Description of the task | Copy word for word the lines of the records below, beginning at the one with "Short (Akihabara Chou" and finishing at the one with "Le barbican de", ends included, but none of the pictures.

Data for the task |
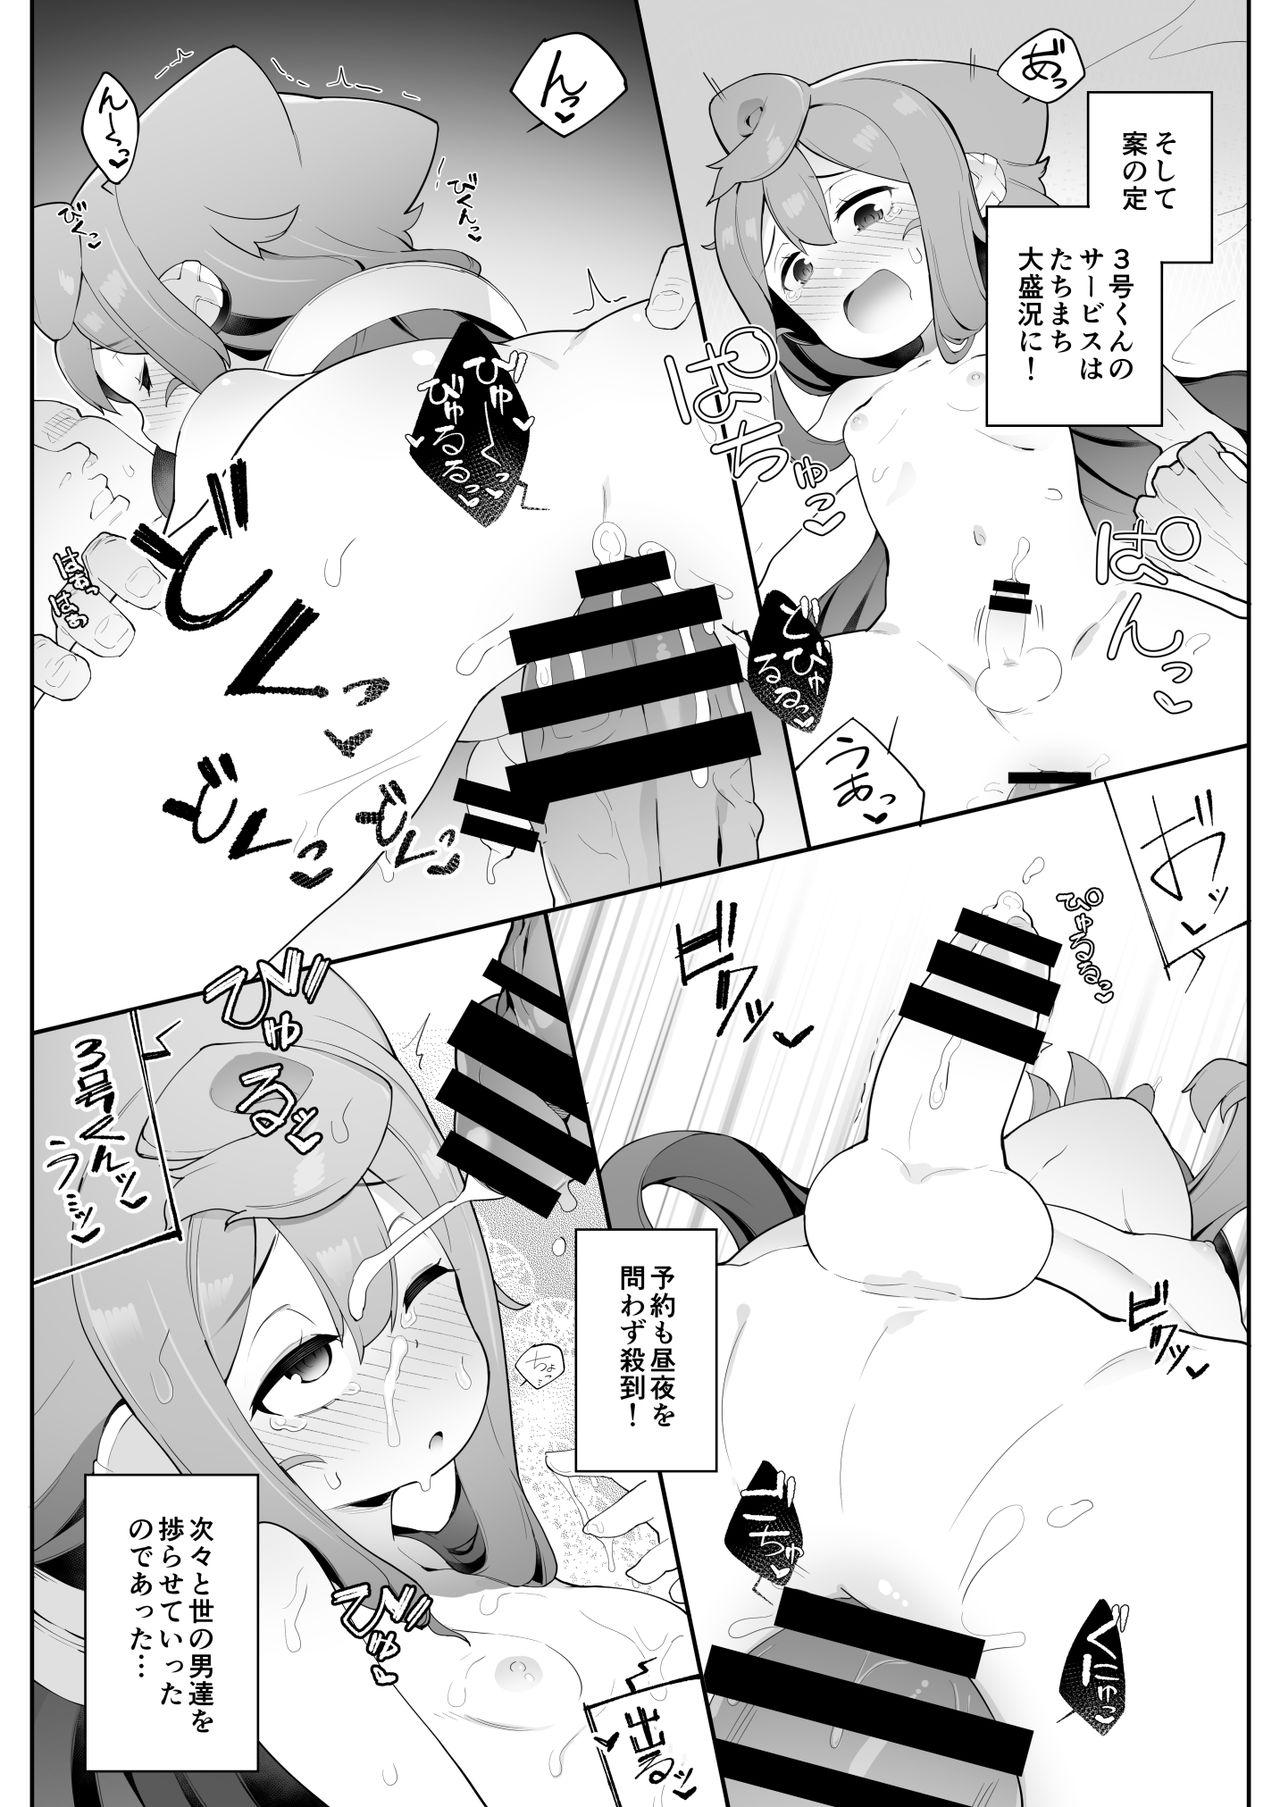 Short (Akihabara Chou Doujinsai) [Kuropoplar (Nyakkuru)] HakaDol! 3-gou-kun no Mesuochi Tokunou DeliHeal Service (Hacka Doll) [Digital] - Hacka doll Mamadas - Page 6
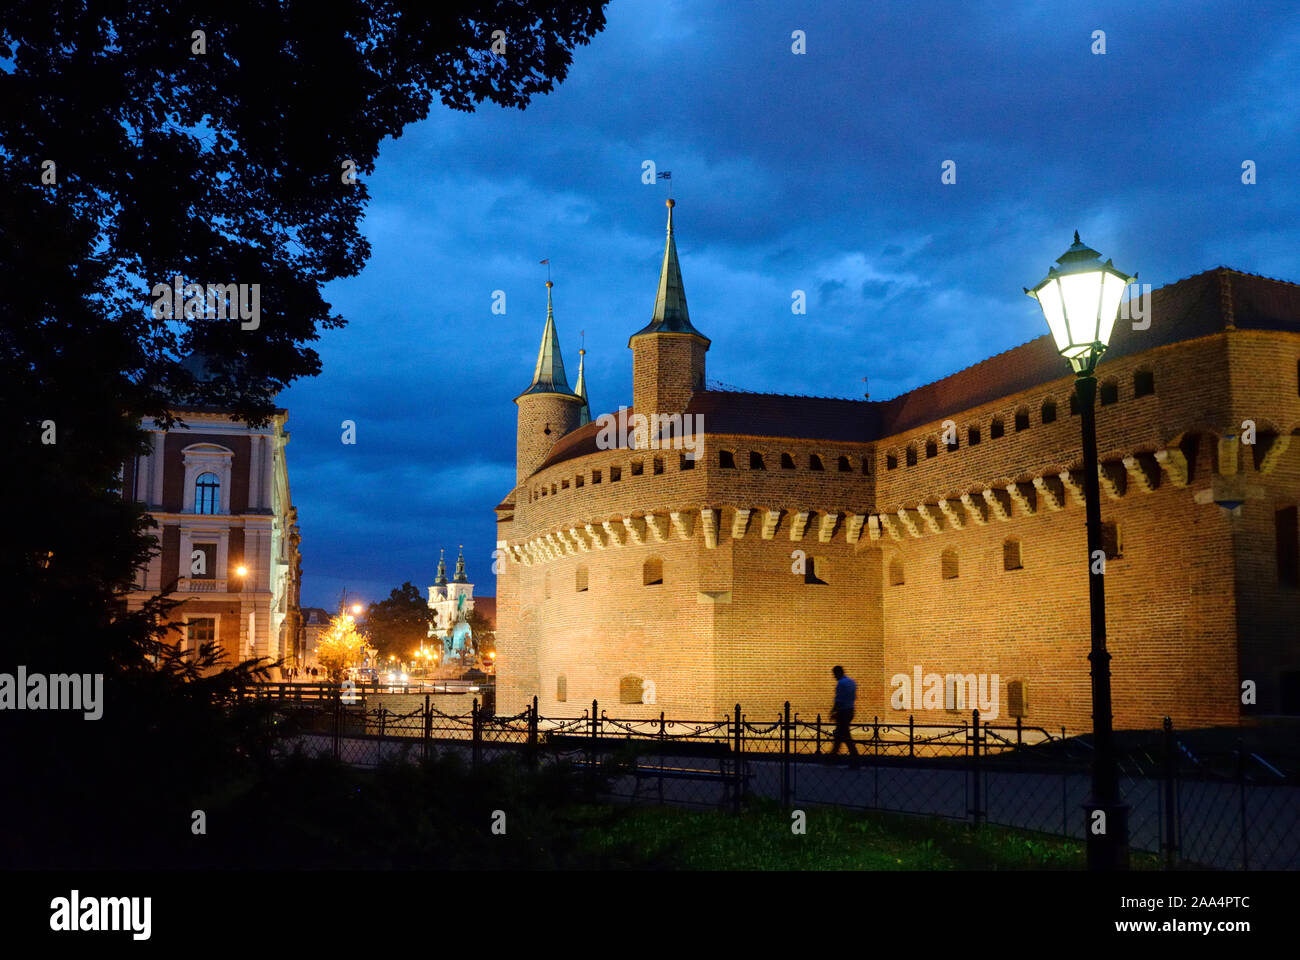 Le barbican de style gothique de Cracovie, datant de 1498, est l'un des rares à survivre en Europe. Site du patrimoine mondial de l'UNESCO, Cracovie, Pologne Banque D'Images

--

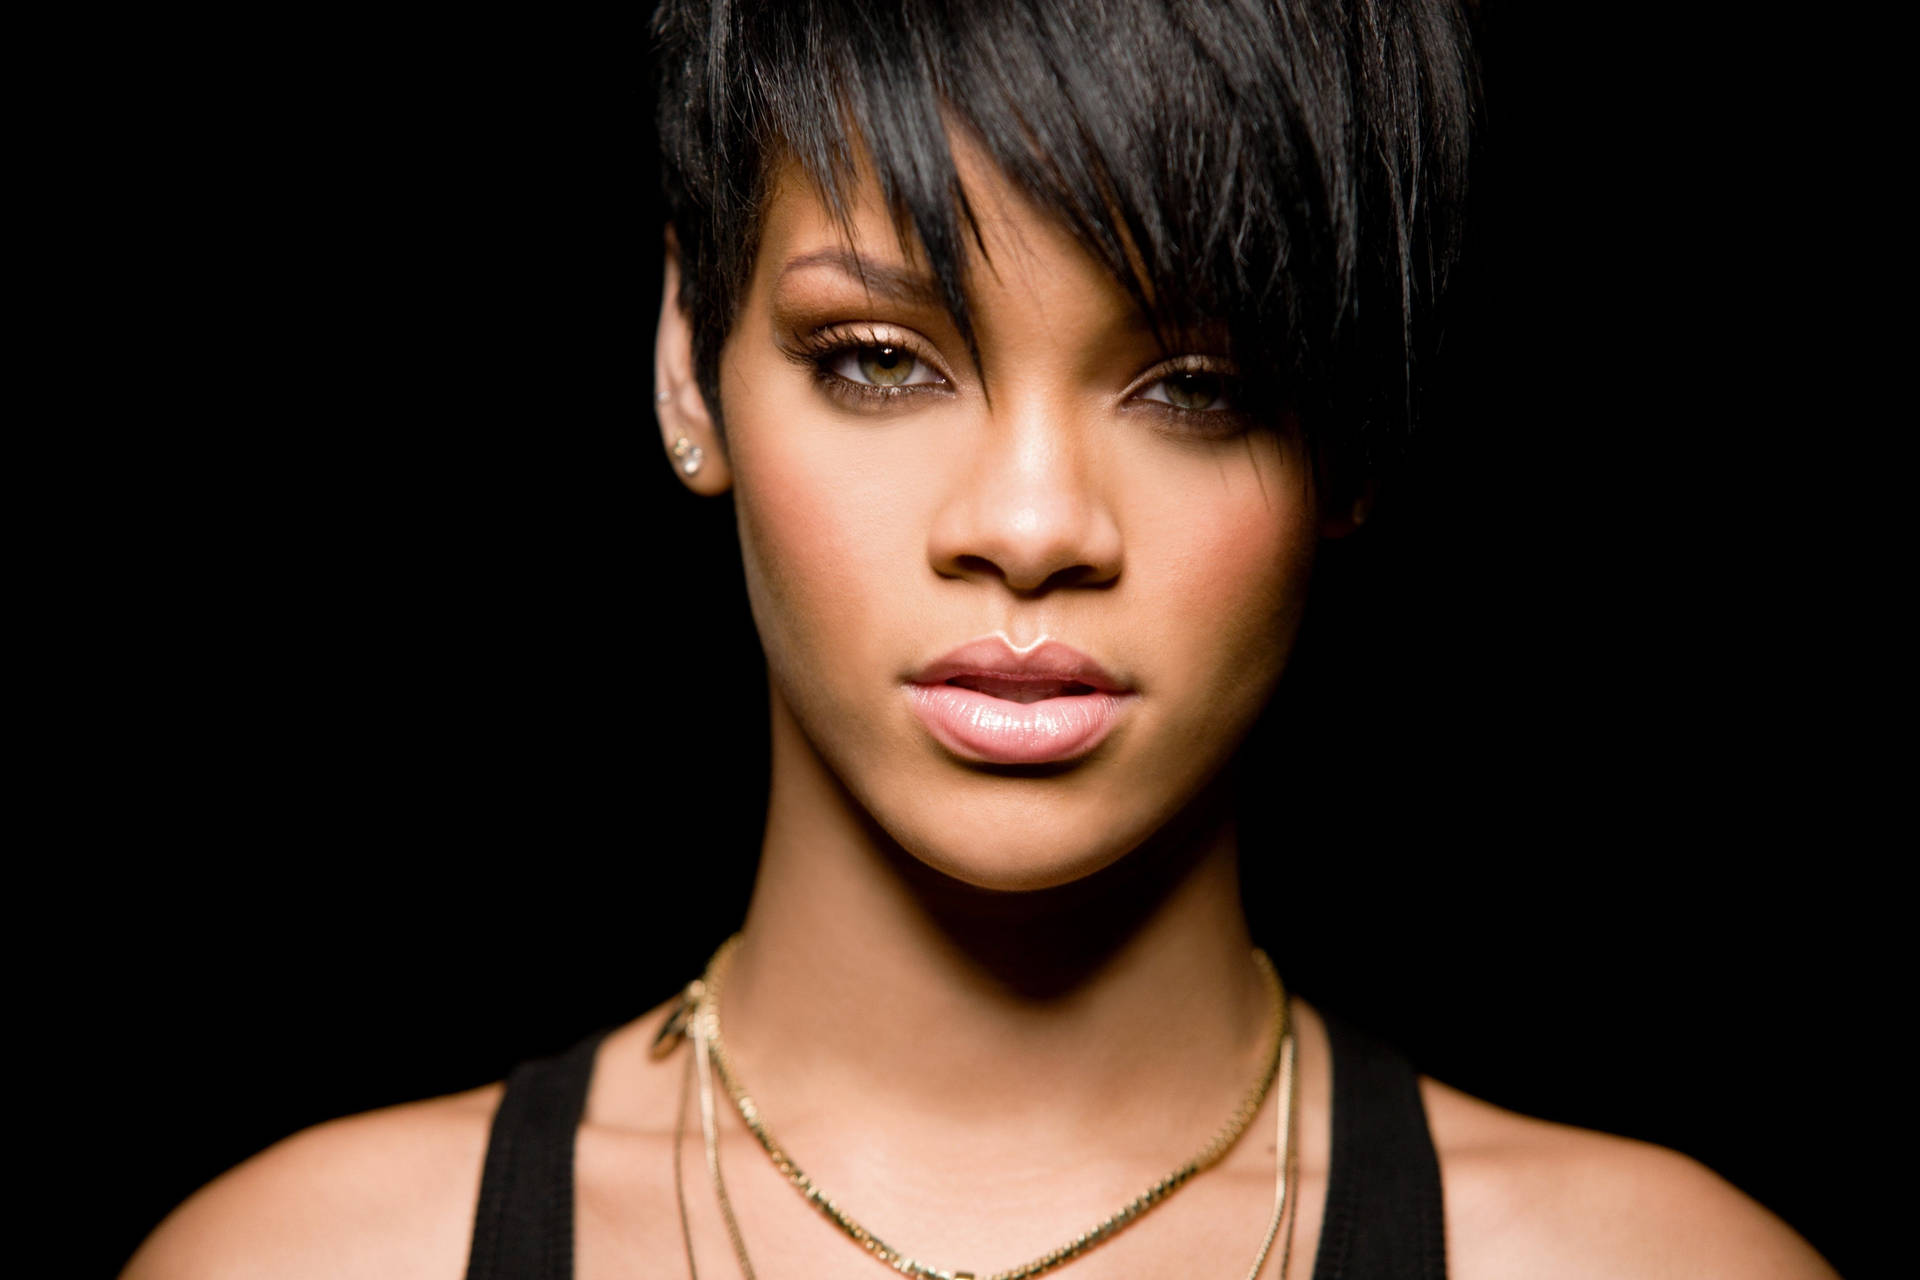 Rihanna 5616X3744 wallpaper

==

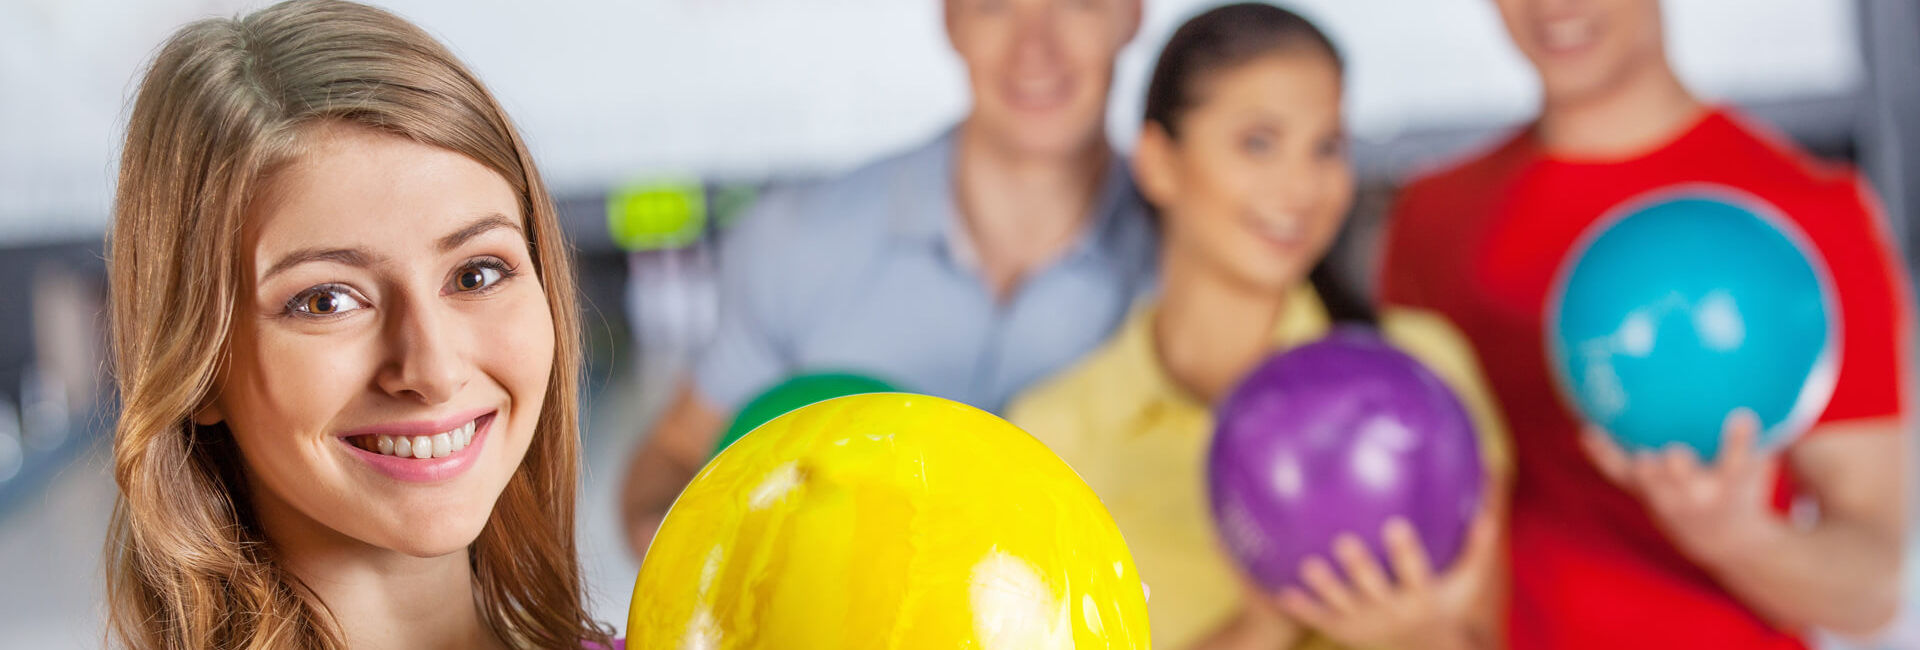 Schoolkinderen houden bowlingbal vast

Your response |
 Short (Akihabara Chou Doujinsai) [Kuropoplar (Nyakkuru)] HakaDol! 3-gou-kun no Mesuochi Tokunou DeliHeal Service (Hacka Doll) [Digital] - Hacka doll Mamadas - Page 6
 Le barbican de style gothique de Cracovie, datant de 1498, est l'un des rares à survivre en Europe. Site du patrimoine mondial de l'UNESCO, Cracovie, Pologne Banque D'Images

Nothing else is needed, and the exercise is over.